February 28: This is about when we really started to sit up and take notice. Of course the memes started flying about the #covidiots who believed that novel coronavirus was spread by the beer.
End of February/Beginning of March: It still seems like this isn’t going to be a big deal. Sure, there are a lot of cases in CA, WA, and NY, but they’ll be able to take care of it and it will be business as usual. Besides, we have a Bernie/Biden situation to resolve as we try to get the dumptrump out of office. So to be safe, #washyourdamnhands #donttouchyourface
March 7: I’m off to Hawaii! Because who doesn’t want to get on a plane with 500 other people at the start of a pandemic? It’s cute how naive we were back then (20 whole days ago). I did take the precaution of changing my return flight to a direct flight and skipping the 3-hour layover at LAX. Safety first people! The slower than normal airport and the only 2/3 full flight are a few indications that people are starting to get a little skittish.
Also March 7: As I get settled into my island paradise hotel, I’m getting text messages from some friends. Apparently, there are three things you need to combat coronavirus: cleaning supplies, water, and toilet paper. (As indicated by the run on these items from all grocery stores, drugstores, and convenience stores.) At this time there are approximately 8–9 confirmed cases. Shit’s getting real! Time to hoard the TP and supplies people!
March 9: Things are still going on, but I’m on Oahu, swimming with the turtles! Basically giving coronavirus the finger, as I stick a random snorkel into my mouth.
March 12: I’m coming back home on the overnight flight. This one is pretty full and the mood is fairly jovial. Since we’ve all been in paradise, what’s been happening on the mainland seems so far away, and we have no idea what we’re coming home to:
- No toilet paper
- No soap or cleaning supplies
- No groceries
- An increasing number of Covid-19 cases (but no way to know for sure how many people are really infected because no once can get fucking tested)

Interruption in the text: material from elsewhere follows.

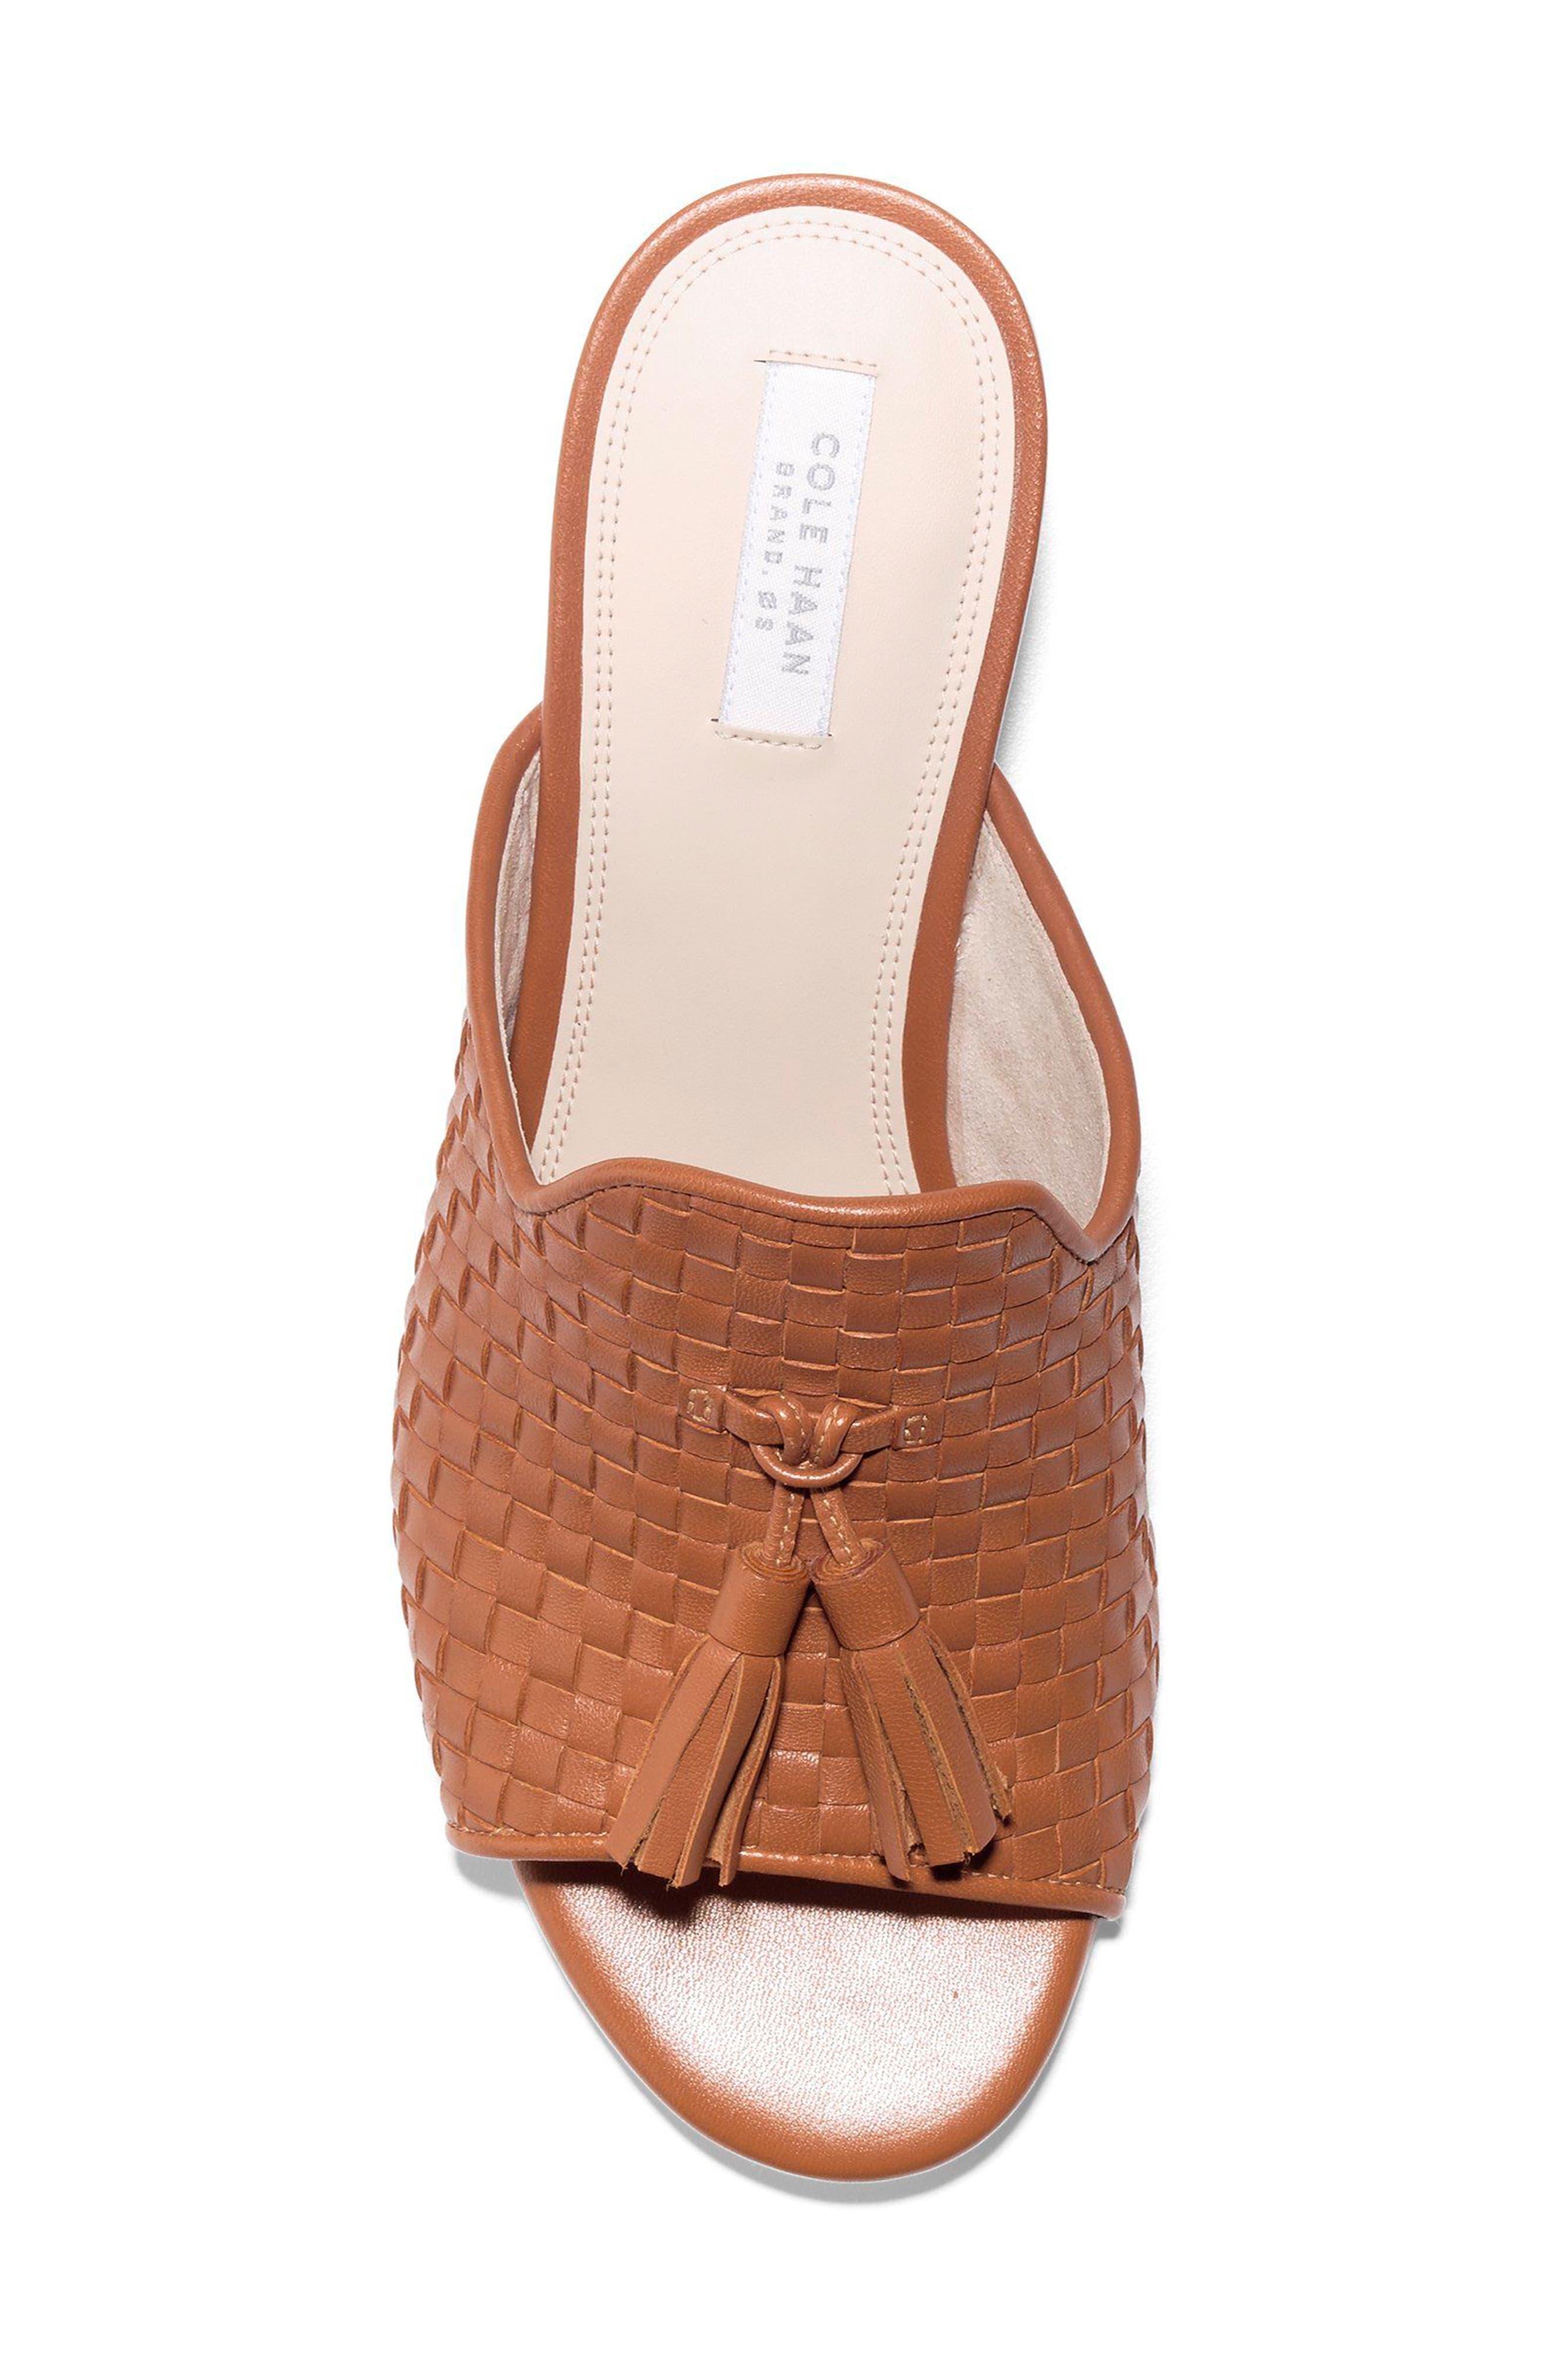 Jagger Wedge Sandal,                             Alternate thumbnail 5, color,                             Acorn Leather

March 13: Colorado reported its first COVID-19-related death: an 80-year-old woman with underlying health issues from El Paso County. We also received notification that Denver Public Schools would be starting spring break a week early and would extend until April 7. Yippee! Both boys home for two full weeks (said no mom ever!).
March 15: Chris and I head to the store, not really believing the reports of no food and no toilet paper. I mean, this is America. Come on!
$460 later, we have some food for (hopefully) a few weeks and will be basically cooking every meal like we’ve just opened a Chopped ingredient basket.
Sometime the middle of March: Our new safe phrase is “social distancing,” which if you live under a rock is the act of staying 6-feet away from each other. #washyourdamnhands #donttouchyourface #getthefuckawayfromme
At this point, cities and states are starting to take action that will slow down the spread of the virus. Our new favorite hashtag: #flattenthecurve
March 16: Chris gets an unplanned and unpaid 8-week vacation, as Denver Mayor Hancock has closed all bars and restaurants, with the exception of take-out. Hooray! Both boys and my husband home for who knows how long!
March 19ish: Some states are taking more extreme measures on their own, as there’s no guidance from the White House. For example, IL and CA have instituted a “shelter in place” order, meaning you can’t go anywhere unless it’s essential, like the grocery store or the doctor.
March 23: Denver Mayor Hancock, taking his lead from other great cities, issues Denver’s “shelter in place” mandate. His mandate states that liquor stores and recreational dispensaries are not considered “essential.” In a hilarious turn of events, people started “…swarming their neighborhood liquor stores…in response — and violating social distancing requirements while they were at it — with some stores reporting lines forming a block long just 15 minutes after the mayor’s press conference.”
In the quickest end to prohibition in history, Mayor Hancock reversed his decision about 90 minutes later. So in Denver, we can still get our drink and our smoke on.
March 25: Not to be outdone, Governor Polis put the state of Colorado in complete lock-down, with a Stay-at-home order through April 11.
Also March 25: We went 10 full days eating every meal at home! For the first time since March 15, Chris gets Santiago’s take-out. Fuck I miss green chili!
March 27: And that’s where we are. The past 29 days. You can shelter in place with your toilet paper. I’ll be over here drinking my wine.